## ENTRIES SUPPLIED:

-------------------------

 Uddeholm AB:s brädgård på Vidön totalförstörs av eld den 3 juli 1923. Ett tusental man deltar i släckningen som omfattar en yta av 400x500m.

-------------------------

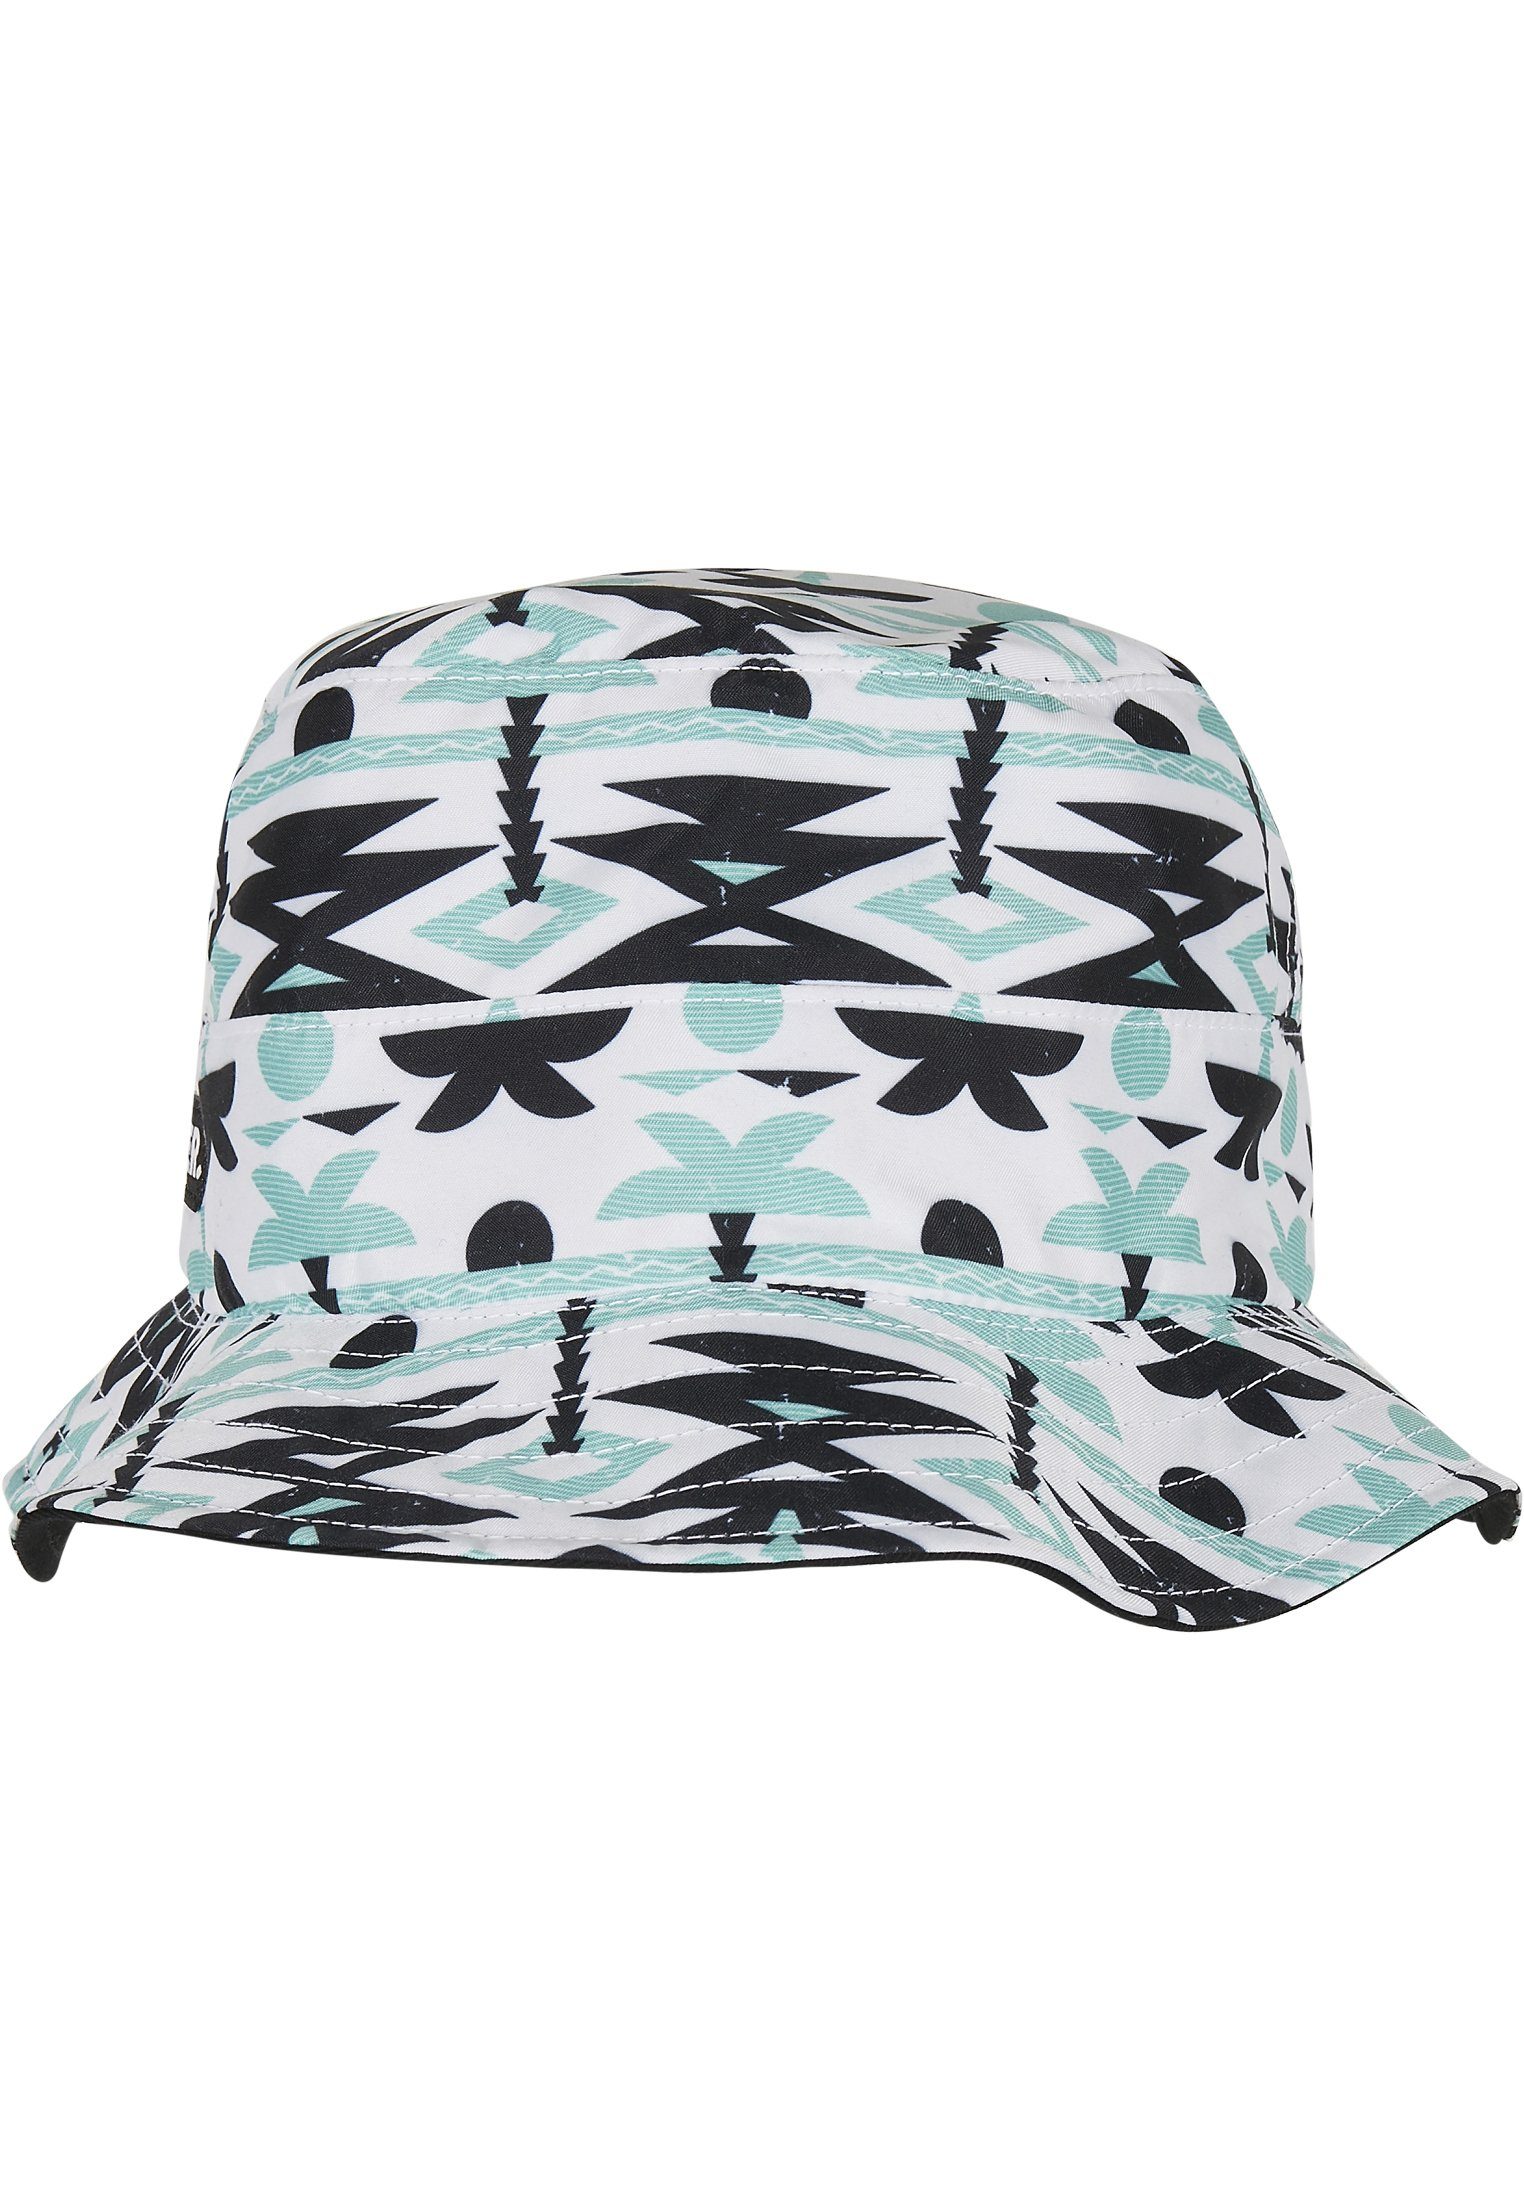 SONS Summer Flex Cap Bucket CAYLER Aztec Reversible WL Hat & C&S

-------------------------

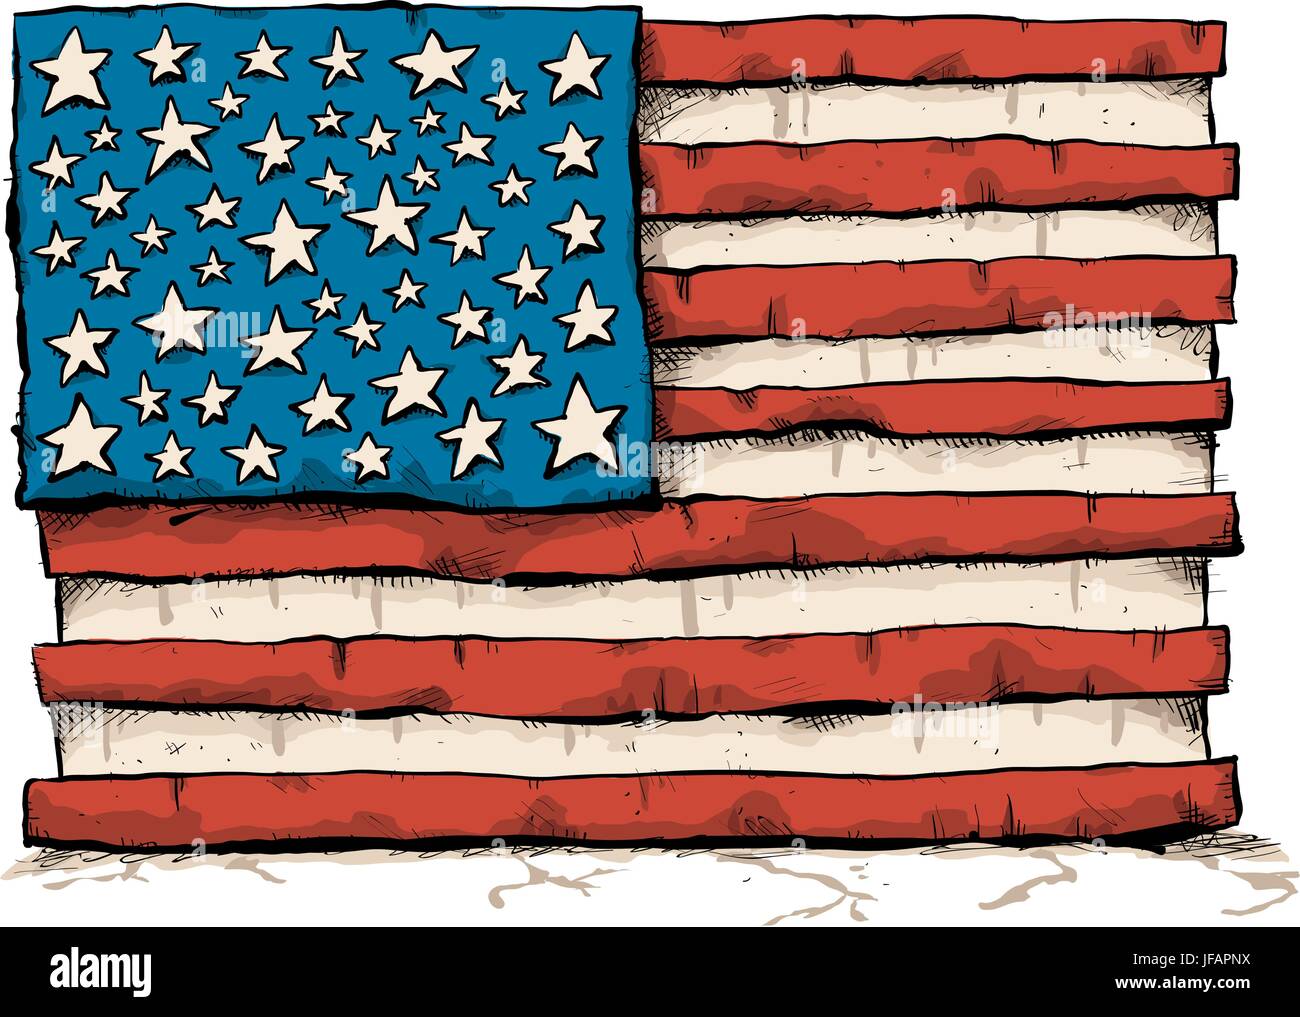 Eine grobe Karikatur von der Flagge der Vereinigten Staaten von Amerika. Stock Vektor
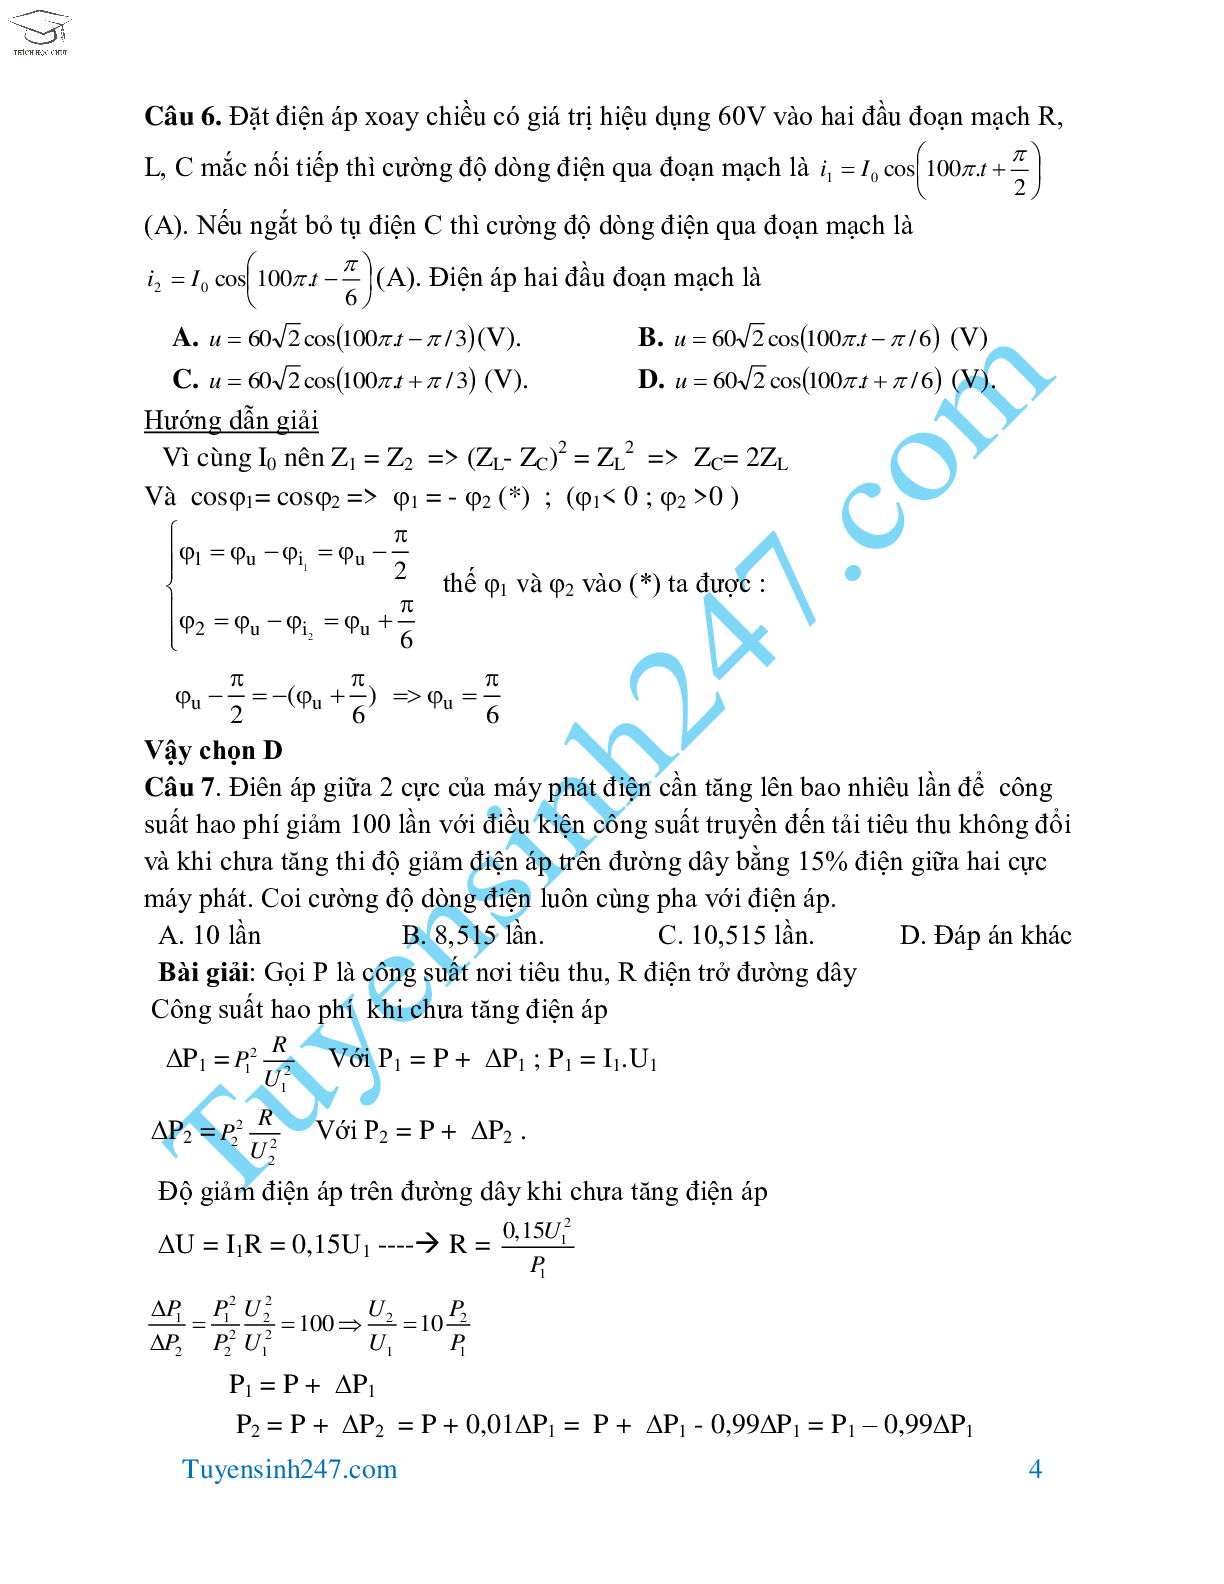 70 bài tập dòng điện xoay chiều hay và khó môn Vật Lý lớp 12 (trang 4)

-------------------------

## WHAT IS BEING ASKED:
With the pictures removed, print only the lines starting at the line that has "Eine grobe Karikatur" and ending at the line that has "70 bài tập dòng", both ends included, exactly as they stand above.

## ANSWER TO THE PROBLEM:
 Eine grobe Karikatur von der Flagge der Vereinigten Staaten von Amerika. Stock Vektor
 70 bài tập dòng điện xoay chiều hay và khó môn Vật Lý lớp 12 (trang 4)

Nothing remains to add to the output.